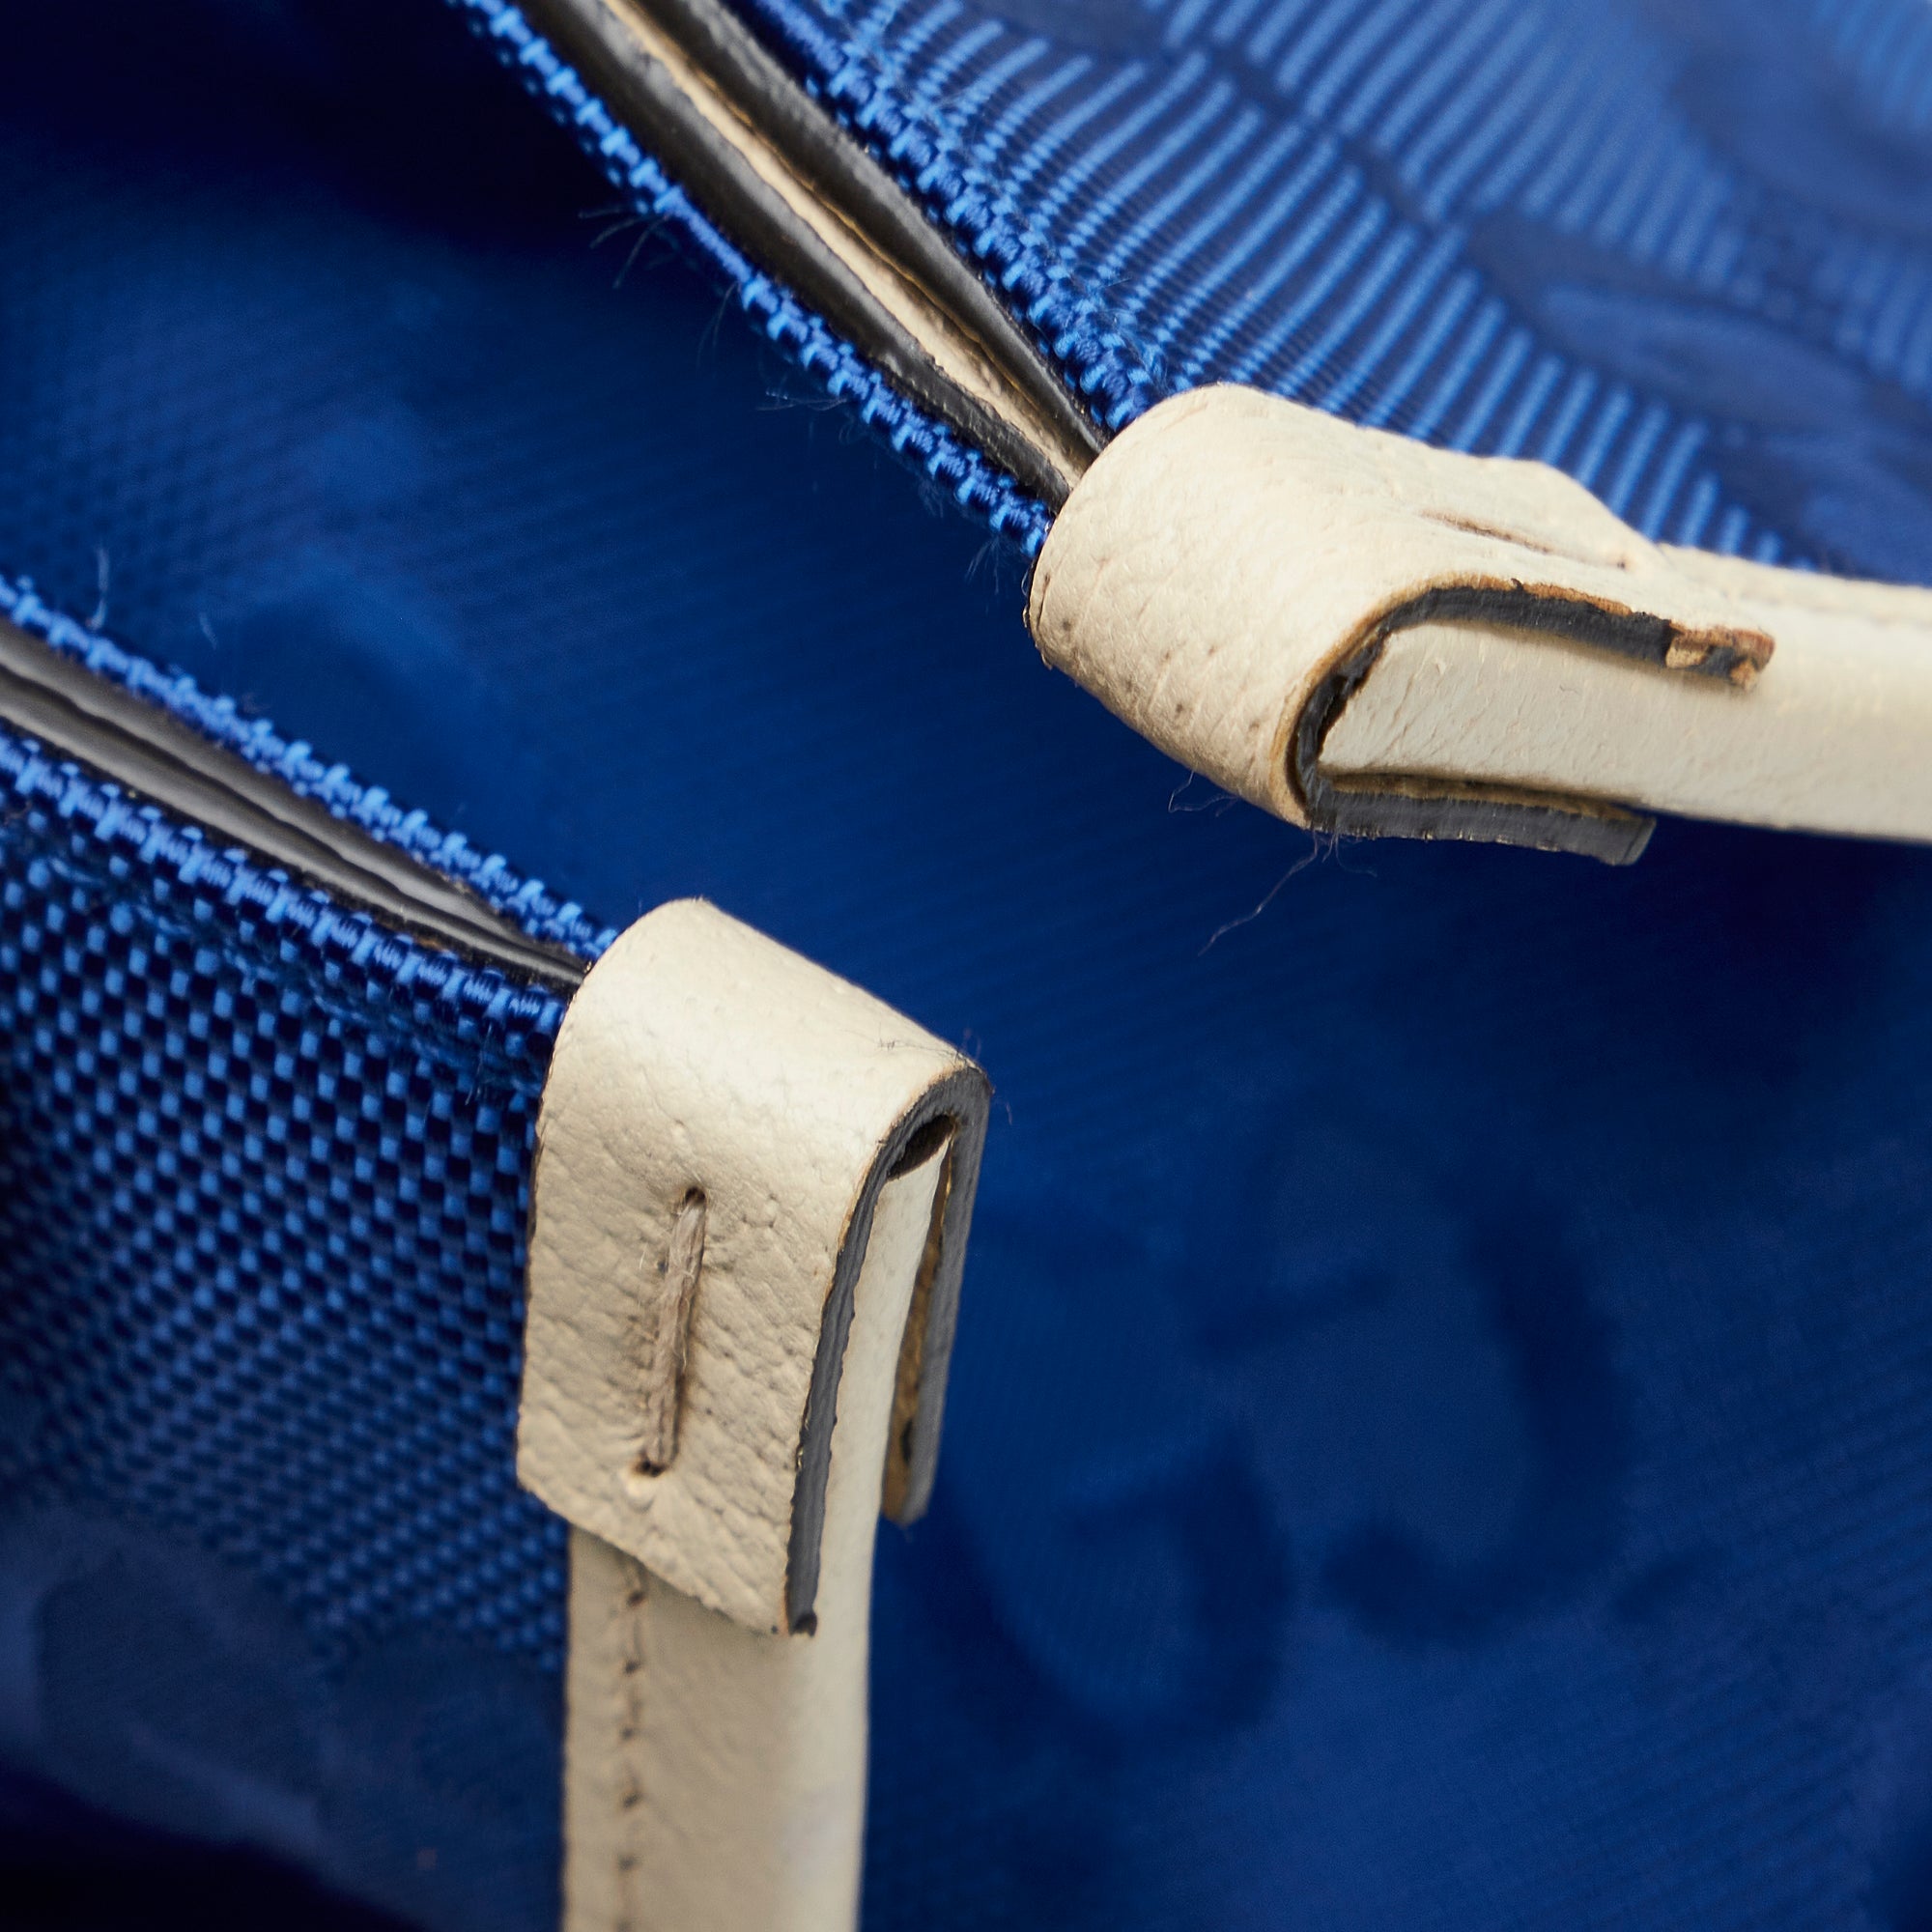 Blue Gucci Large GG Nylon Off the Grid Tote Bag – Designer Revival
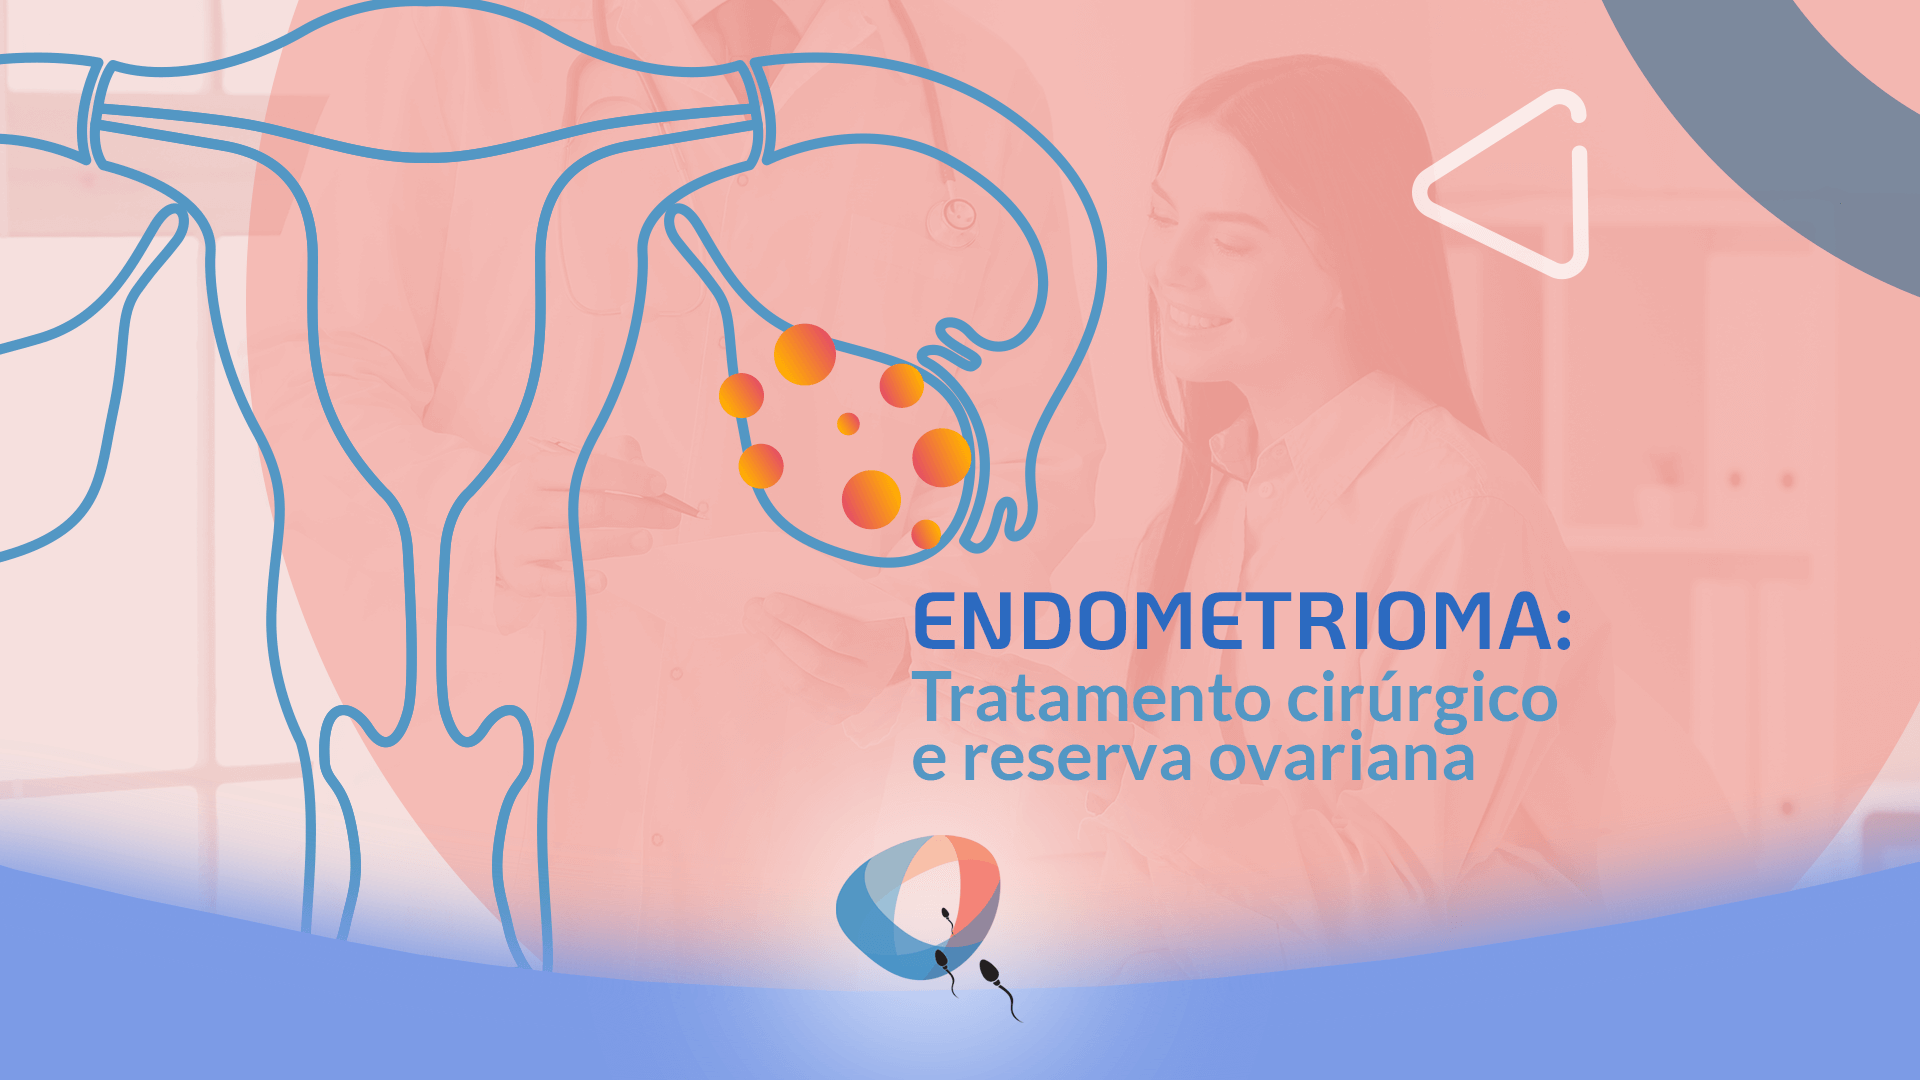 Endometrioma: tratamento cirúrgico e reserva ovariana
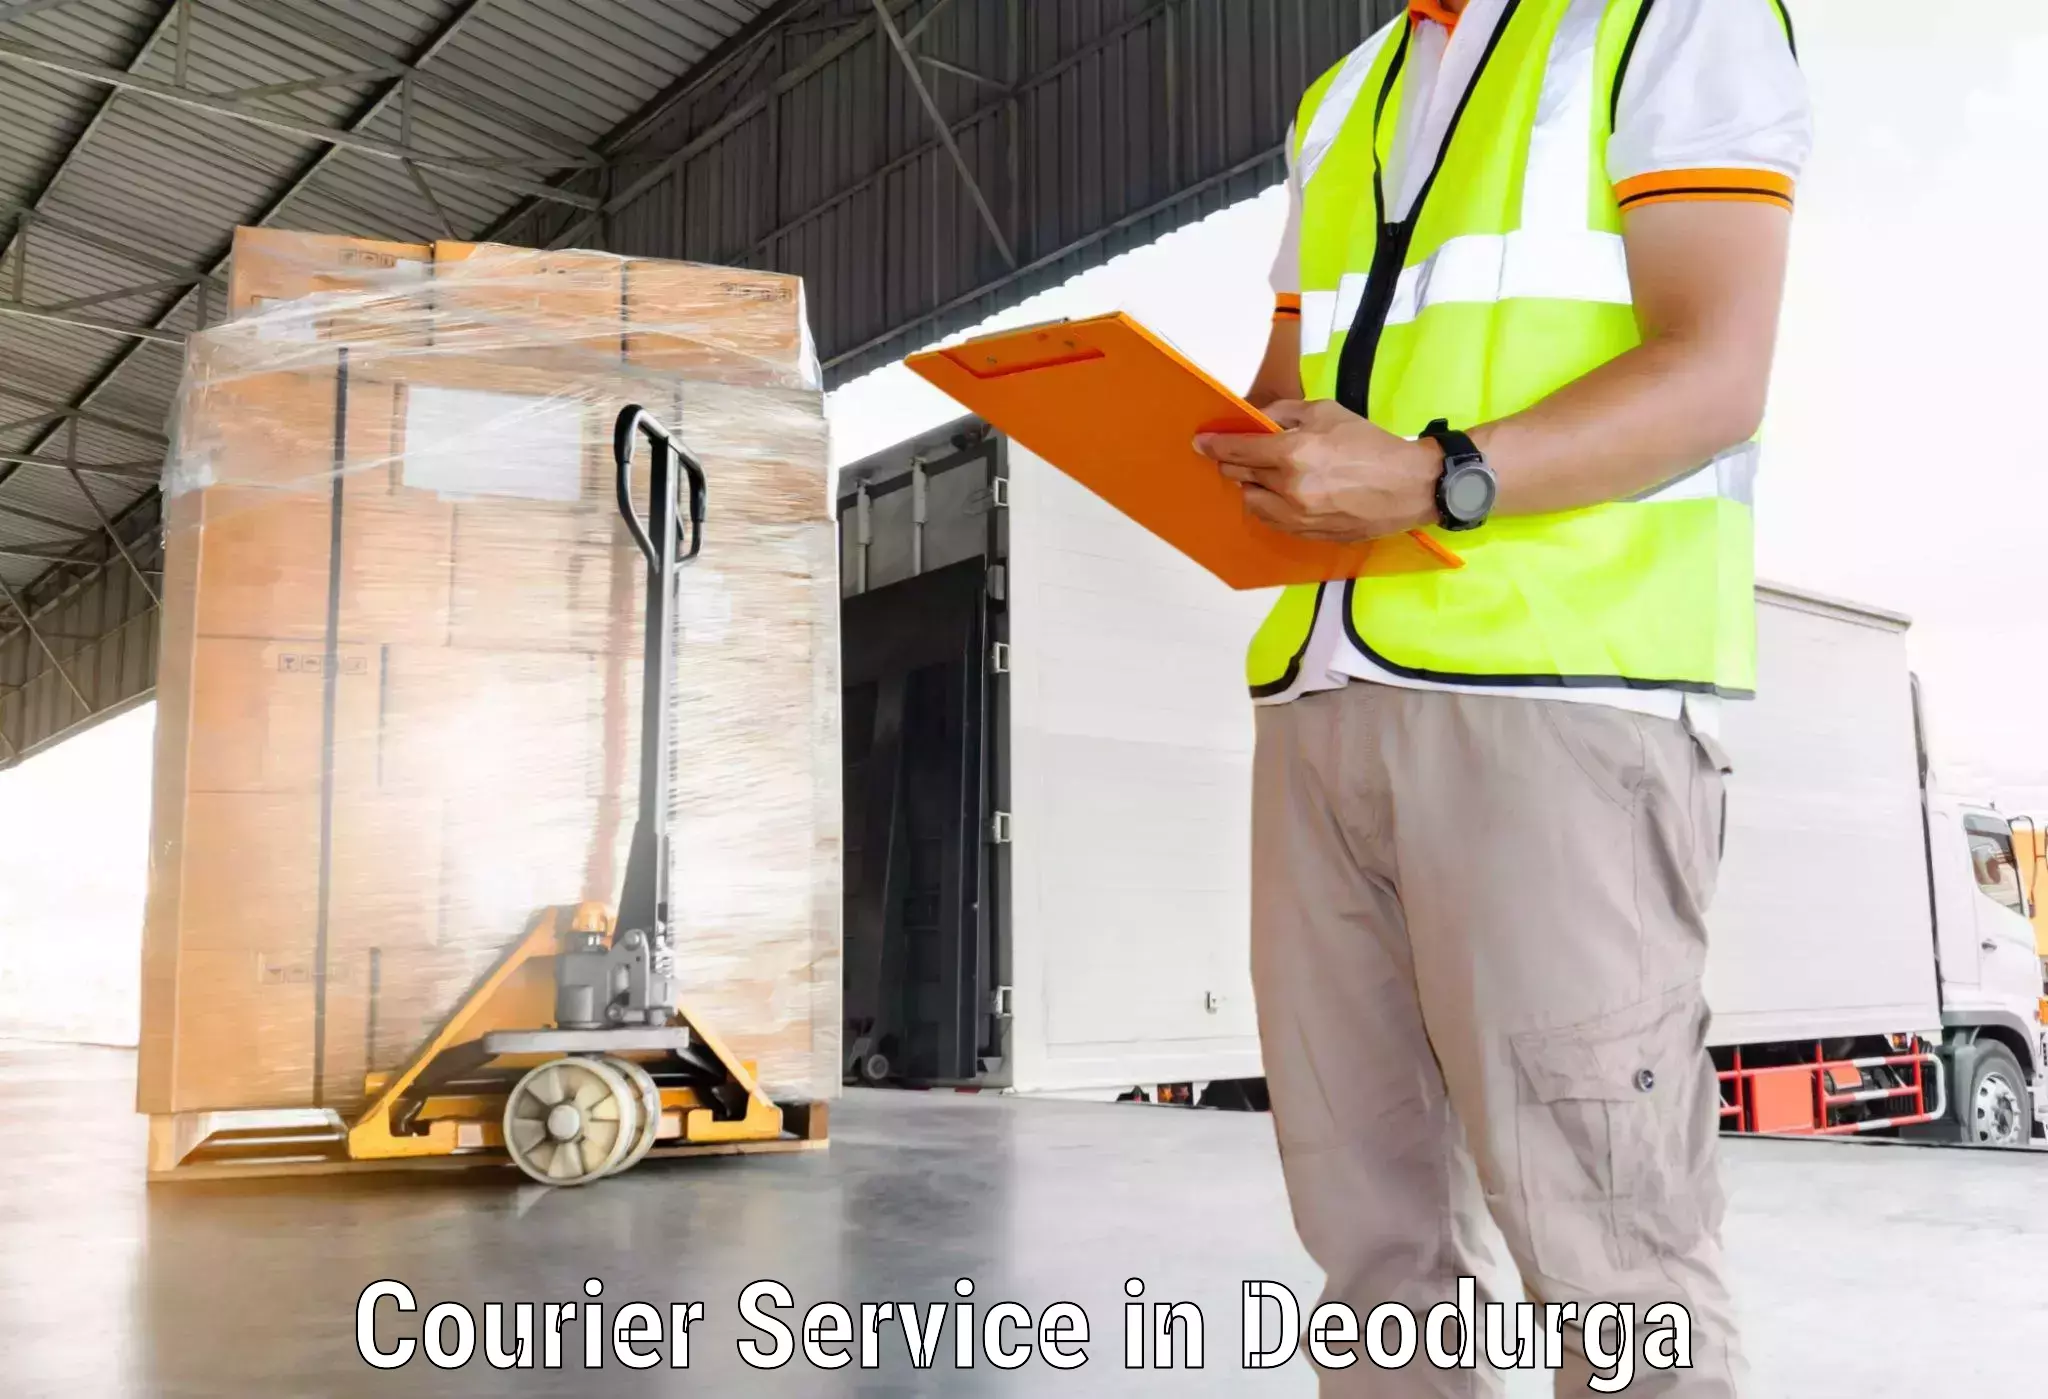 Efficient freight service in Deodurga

****************************************

(Task prompt)
Please write the material out again exactly as shown above, minus any pictures.

(Answer space)
 Blue Gucci Large GG Nylon Off the Grid Tote Bag – Designer Revival
 Endometrioma: tratamento cirúrgico e reserva ovariana
 Efficient freight service in Deodurga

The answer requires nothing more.